Silvie Vukic, jeune responsable de vente, vient d'avoir gain de cause devant le Tribunal des prud'hommes. Engagée en 2004 au magasin Le Mouton à cinq pattes - dont Unia a plusieurs fois dénoncé les conditions de travail contraires à la convention collective ¬- Silvie passe rapidement cheffe de rayon: «Ce n'était pas du goût d'un de mes collègues qui a commencé à me draguer continuellement malgré mes refus répétés puis à me toucher les fesses», raconte-t-elle. Suite à des plaintes répétées auprès du patron, ce dernier prononce un avertissement à l'encontre de l'employé indélicat, dont plusieurs de ses collègues avaient déjà subi les attouchements. Mais le harceleur continue pendant des semaines, et l'employeur finit par déplacer Silvie dans un autre magasin du groupe. «Ce n'était pas juste, j'ai protesté. On m'a ensuite mis dans une cave à fixer des antivols sur les habits; je n'exerçais plus mon métier de responsable de vente. C'était l'horreur!» Silvie finit par plonger dans la dépression, pendant plus d'une année. Soutenue par Unia, elle déposera plainte auprès du tribunal: «De nombreuses vendeuses qui ont travaillé avec ce monsieur ont été licenciées de manière abusive. C'est pour ça que j'ai voulu aller jusqu'au bout.» Au final, la cheffe de rayon a dû patienter plus de trois ans pour obtenir une décision finale de la justice. «De tels délais sont décourageants pour les travailleurs, il faut absolument trouver un moyen de les raccourcir», note Jamshid Pouranpir, qui déplore aussi que la charge de la preuve repose entièrement sur la victime. «Il est difficile de trouver des témoins. Le harceleur ne va pas peloter une vendeuse devant tout le monde», souligne Filipa Chinarro.

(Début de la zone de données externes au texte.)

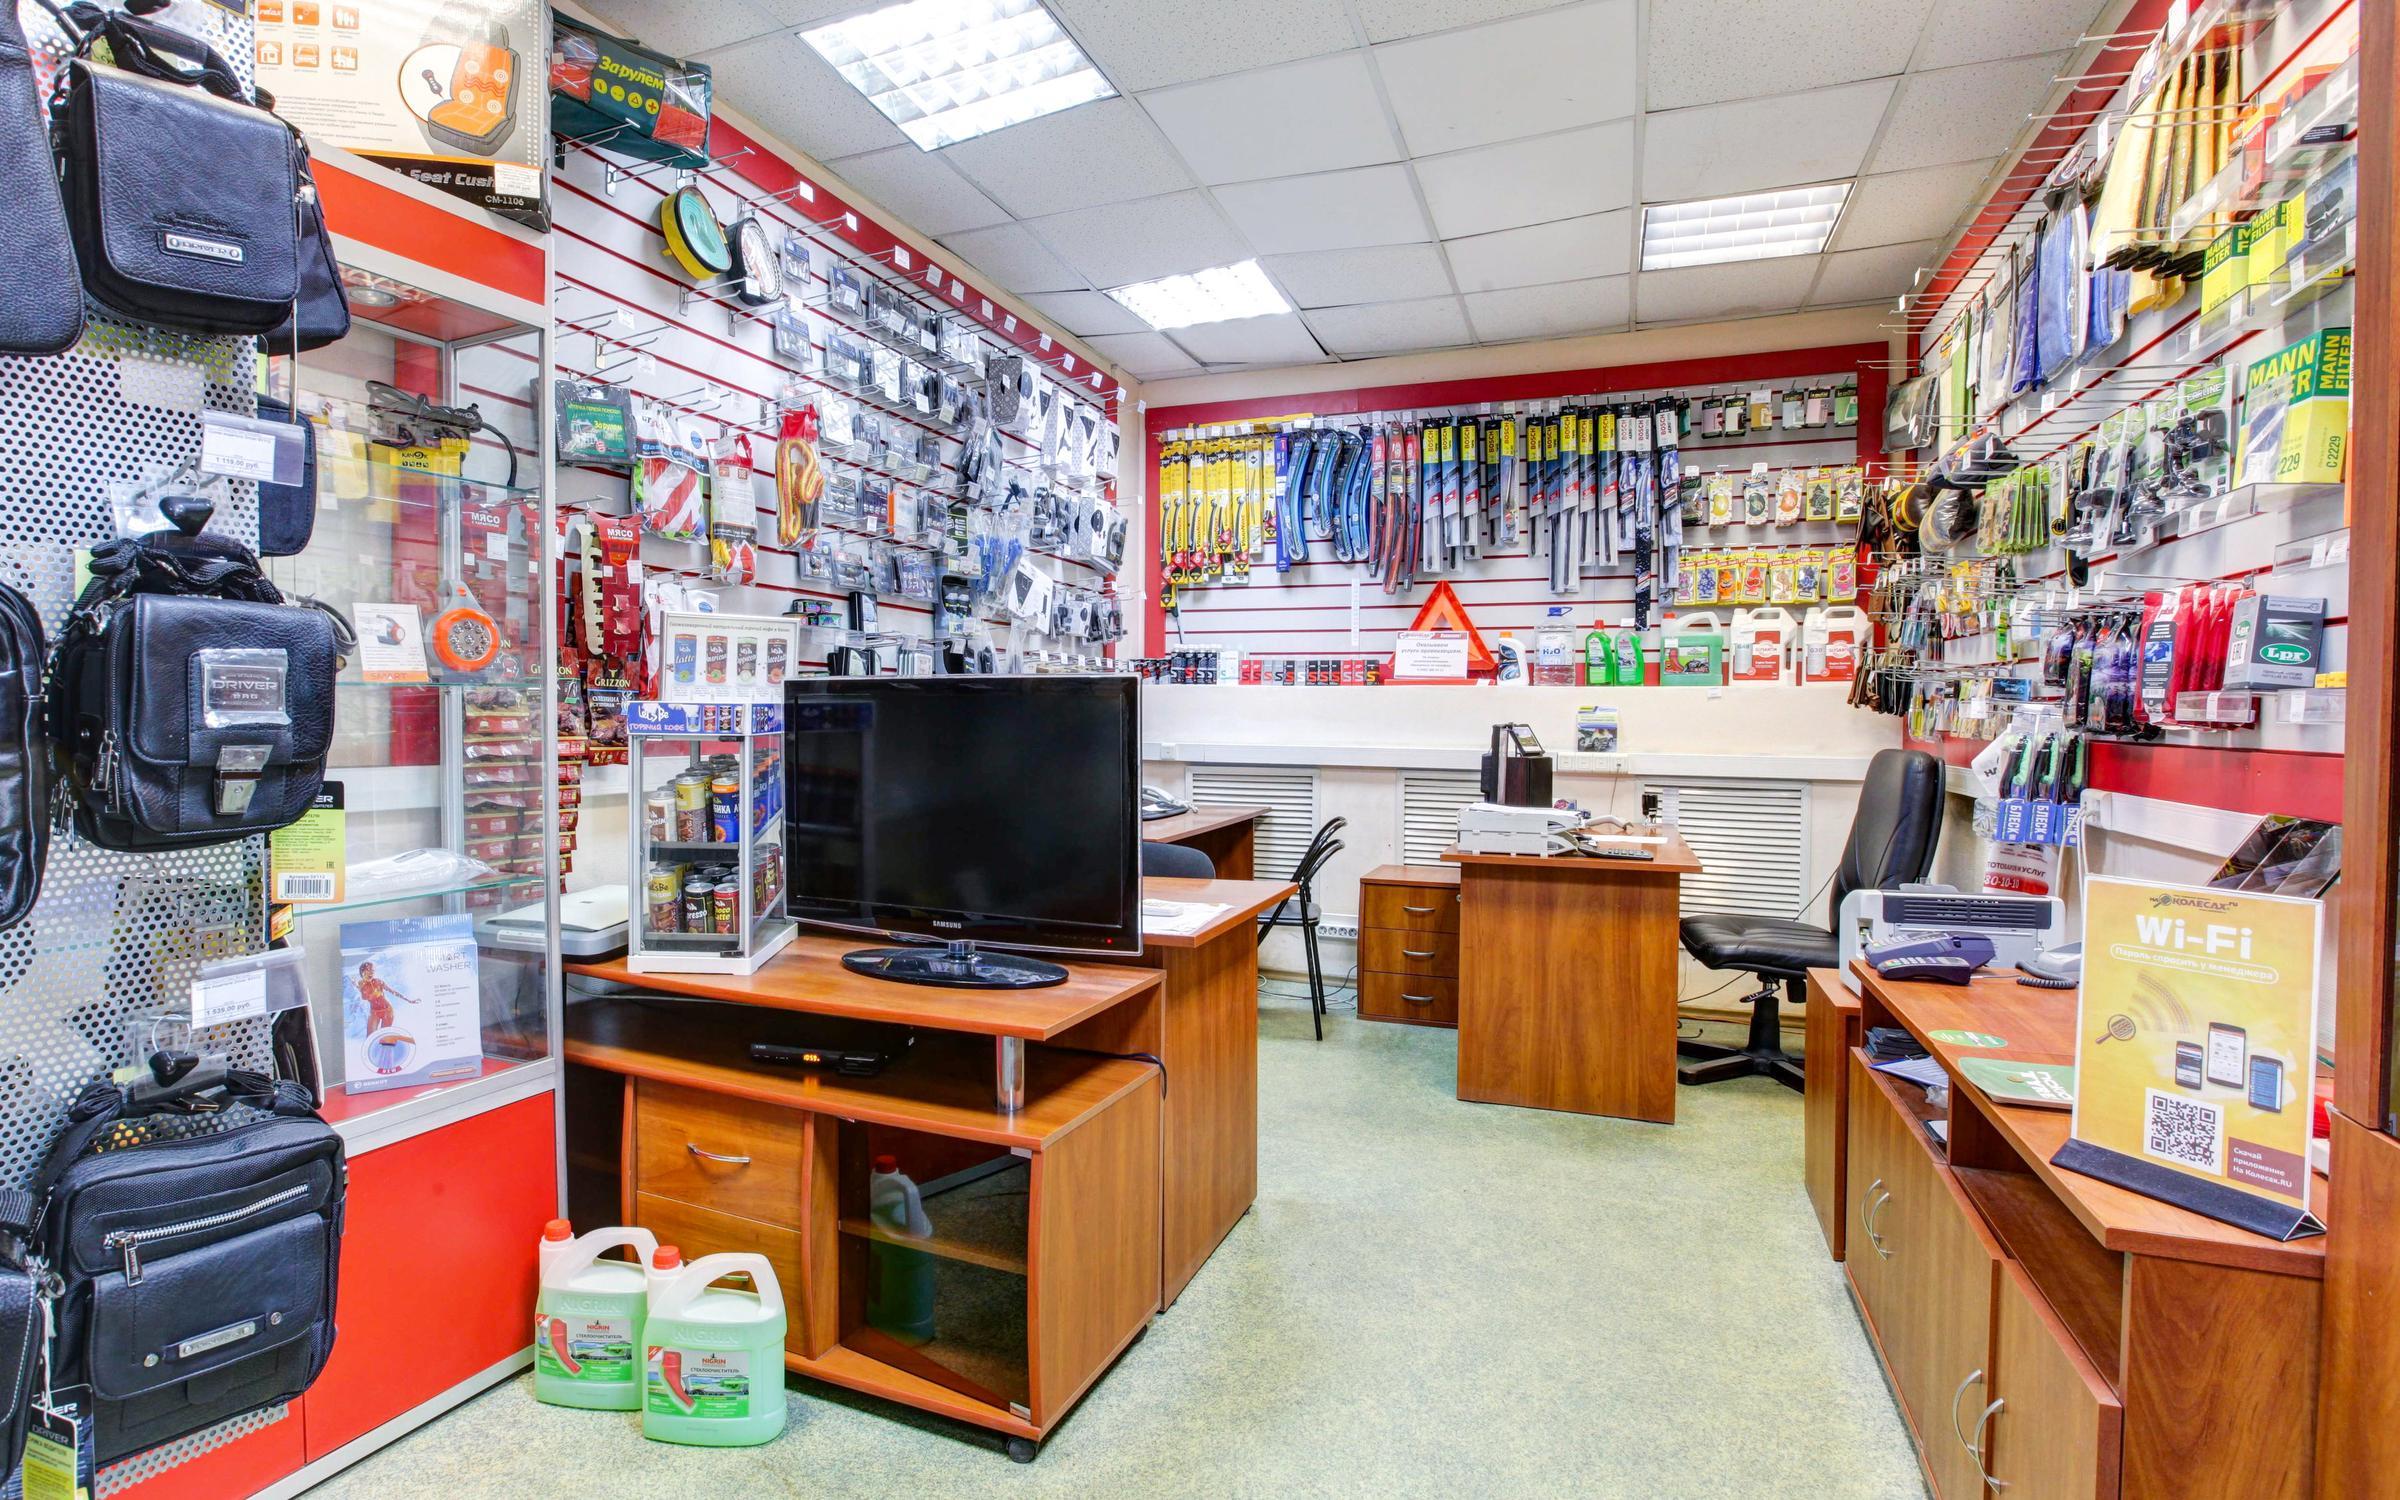 фотография Сервисного центра На Колесах.ru в Строгино

De plus, si le Tribunal des prud'hommes a condamné le patron à verser 6 mois de salaire, le Tribunal d'appel réduira cette peine de moitié, au motif que l'employeur avait pris des mesures. Malgré cela, Silvie attend toujours la somme due. Elle a même dû mettre son ancien employeur aux poursuites... «L'essentiel pour moi, c'est la reconnaissance du tort qui m'a été infligé», estime Silvie Vukic. En revanche, l'employé incriminé hanterait toujours les rayons du magasin...

Enceinte, protégée!
Anna, pour sa part, est toujours en négociation avec son patron. Employée administrative d'une fameuse enseigne de luxe en 2006, elle déclare avoir été harcelée moralement par certains de ses collègues, car elle avait dénoncé des manquements de la direction, puis avait finalement été licenciée sous un faux prétexte. «Personne ne me parlait plus. Quand j'arrivais pour prendre un café, tout le monde s'en allait», se souvient-elle. Avec l'aide d'Unia, elle a pu se défendre et montrer que son licenciement est irrégulier car elle était enceinte au moment où son congé lui a été donné. Un certificat médical le prouve. «La loi stipule clairement qu'une femme enceinte ne peut être congédiée», précise Jamshid Pouranpir. Même si, au moment des faits, Anna ne savait pas qu'elle attendait un enfant! Sûr de son fait, le syndicaliste attend une proposition de la part de l'entreprise: «L'employeur doit verser l'intégralité du salaire pendant la grossesse, respecter les délais de licenciement et payer le congé maternité.»
Les exemples de Silvie et de Anna montrent qu'avec un peu d'information et de détermination, il est non seulement possible d'obtenir une réparation financière ¬- même si elle ne compensera jamais vraiment les dommages subis ¬- mais aussi de recouvrer un sentiment de dignité parfois mis à mal dans ce genre d'épreuve.